All of these instances are during the early stages of the tree formation, however, and so a 
vanishingly small fraction of the high weight edges is included in the limit of an infinitely 
large graph. It is interesting to note that the inclusion fraction for the backbone structure 
has an extended plateau at low edge weights. This suggests that low weight edges are equally 
likely to be included in the backbone structure nearly independent of their weight (below a 
threshold).
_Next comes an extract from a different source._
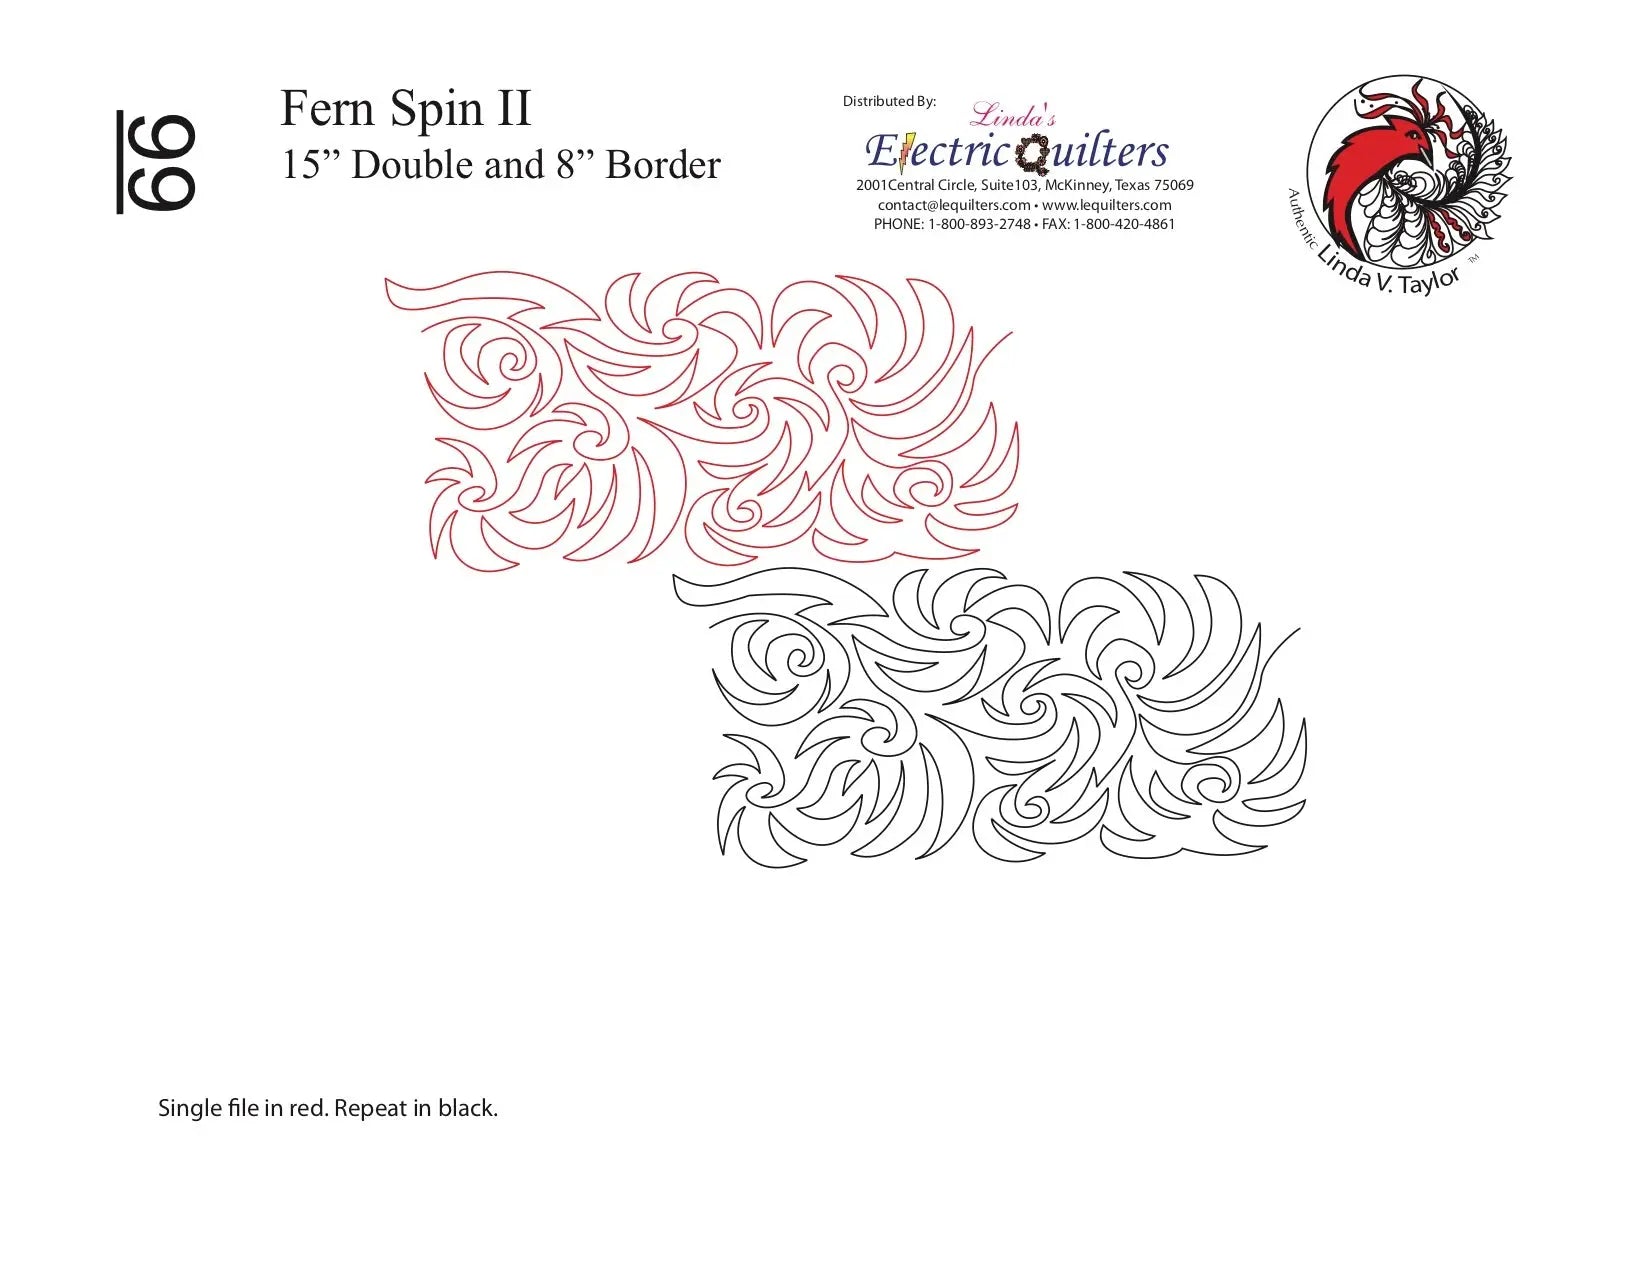 099 Fern Spin Pantograph by Linda V. Taylor - Linda's Electric Quilters

This can be contrasted with the curve for the GMST, in which lower weight edges 
are included more frequently than higher weight edges for all edge weights. The inclusion 
fraction for the converted structure is intermediate between the backbone and the GMST. 
Although the distributions shown in Figure |^ differ significantly from one another, the mean 
weight of the edges included in each tree are very consistent (varying by a maximum of 0.02). 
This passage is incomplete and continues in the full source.